サイトの認証情報が複数ある場合でも問題ありません。あらかじめ入力されている項目をクリアし、「ユーザー名」フィールドをクリックしてオプションを確認してください。

クレジットカード番号の保存:クレジットカード番号はパスワードとほぼ同じ仕組みです。初めて番号を入力すると、Safariは保存を促すメッセージを表示します。その後、Safariに空白のクレジットカード番号フィールドが表示されたら、そのフィールドをクリックまたはタップすると、iCloudキーチェーンに保存されているクレジットカード番号のリストが表示されるので、その中から必要な番号を選択します。Safariはカード番号と有効期限を自動的に入力しますが、CVV番号は自分で入力する必要があります。これは少々面倒な制限です。

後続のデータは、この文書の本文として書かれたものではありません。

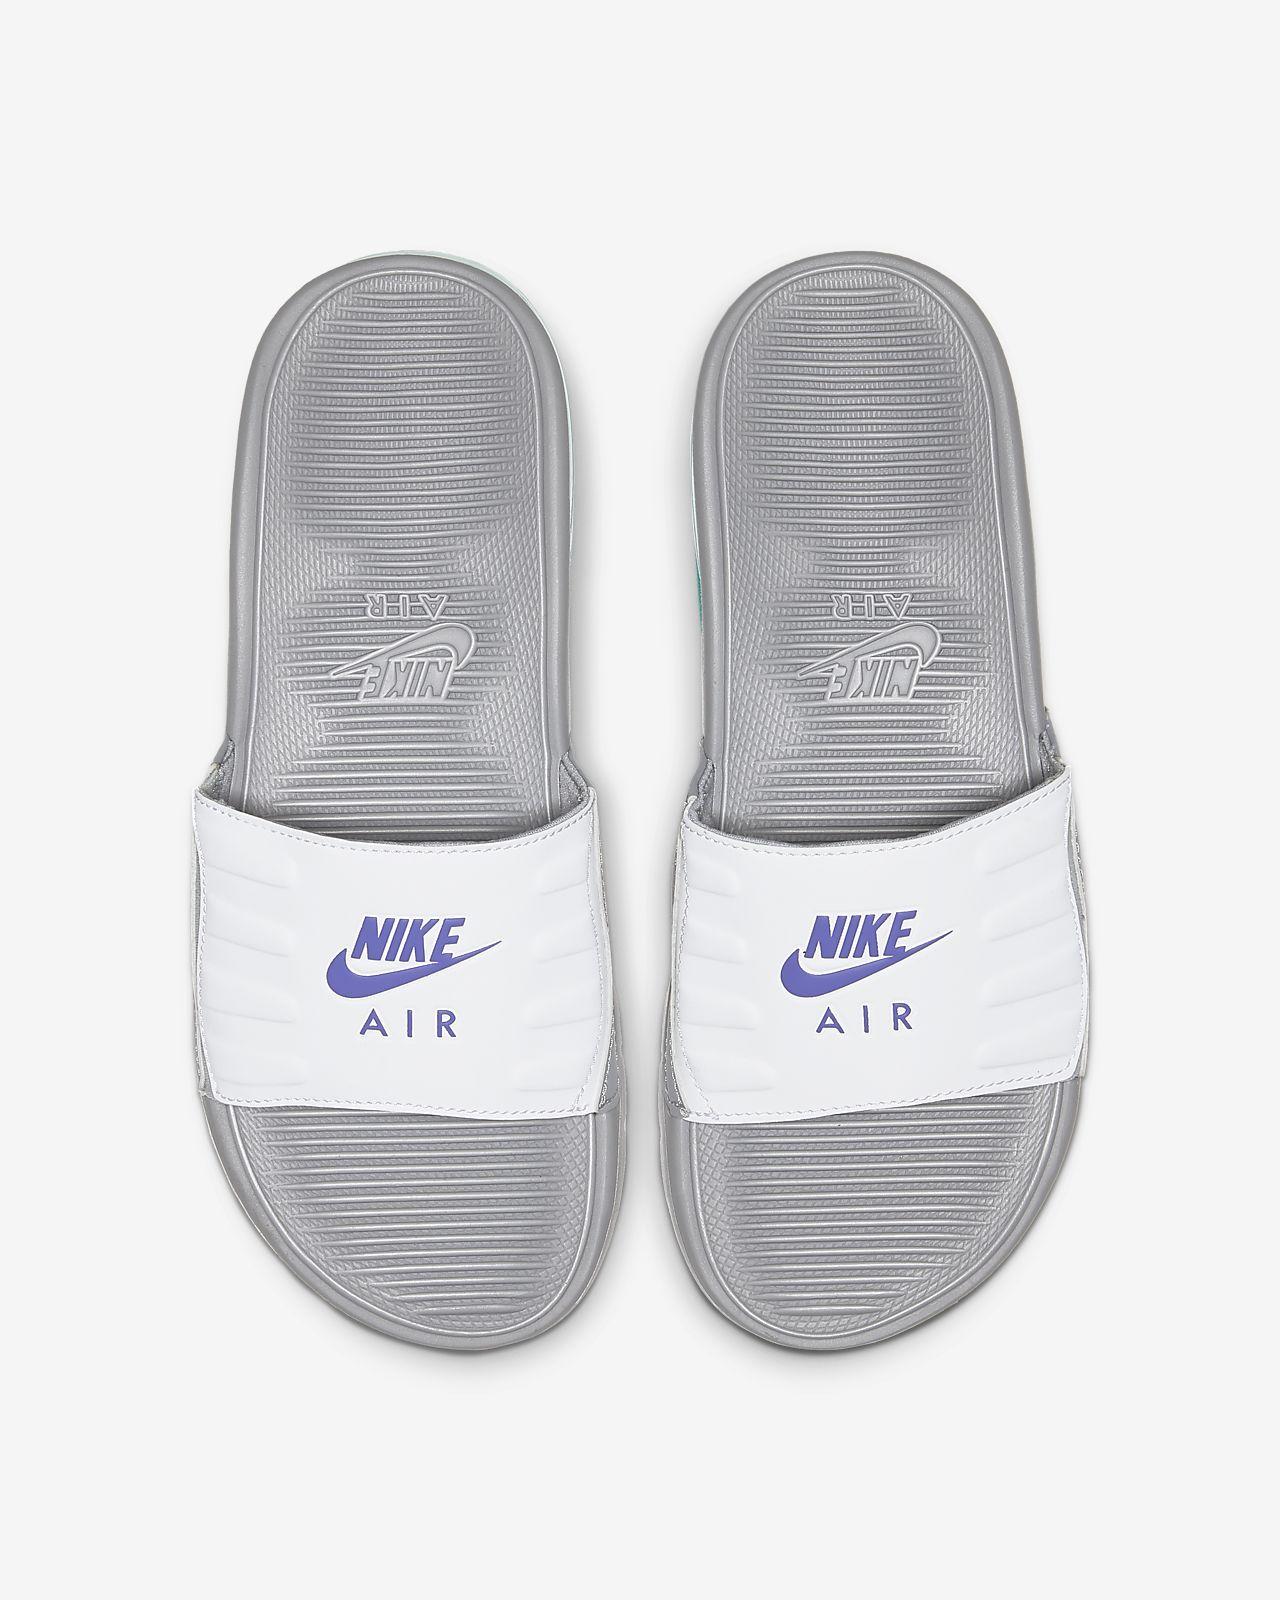 Nike Air Max Camden Women's Slide
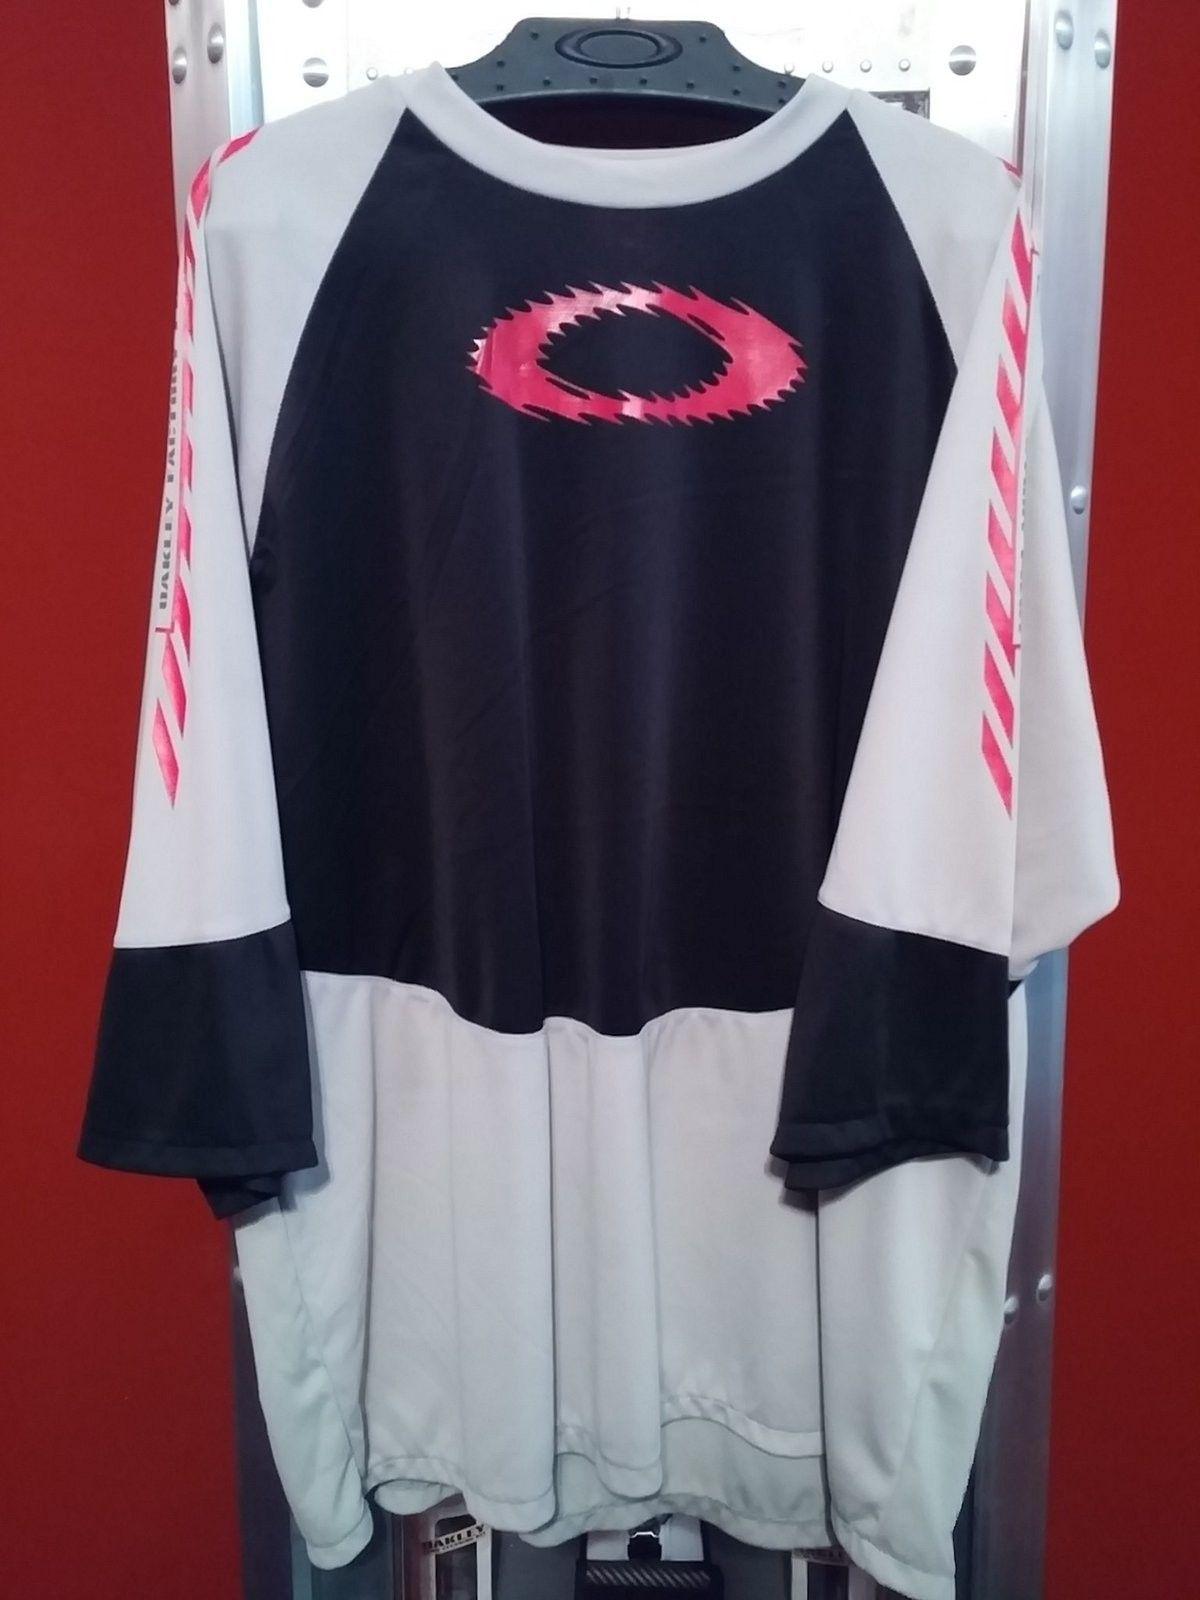 Oakley MTB Jerseys. - 20150117_081628.jpg

Macで保存したパスワードを表示または削除するには、「Safari」>「環境設定」を選択し、「パスワード」をクリックします。iOSデバイスでは、「設定」>「Safari」>「パスワードと自動入力」>「保存したパスワード」をタップします。Safariの両方のバージョンには、自動入力を無効にしているサイトを無効にする設定もあります。Macでは「パスワードの保存を拒否するWebサイトでも自動入力を許可する」、iOSデバイスでは「常に許可」です。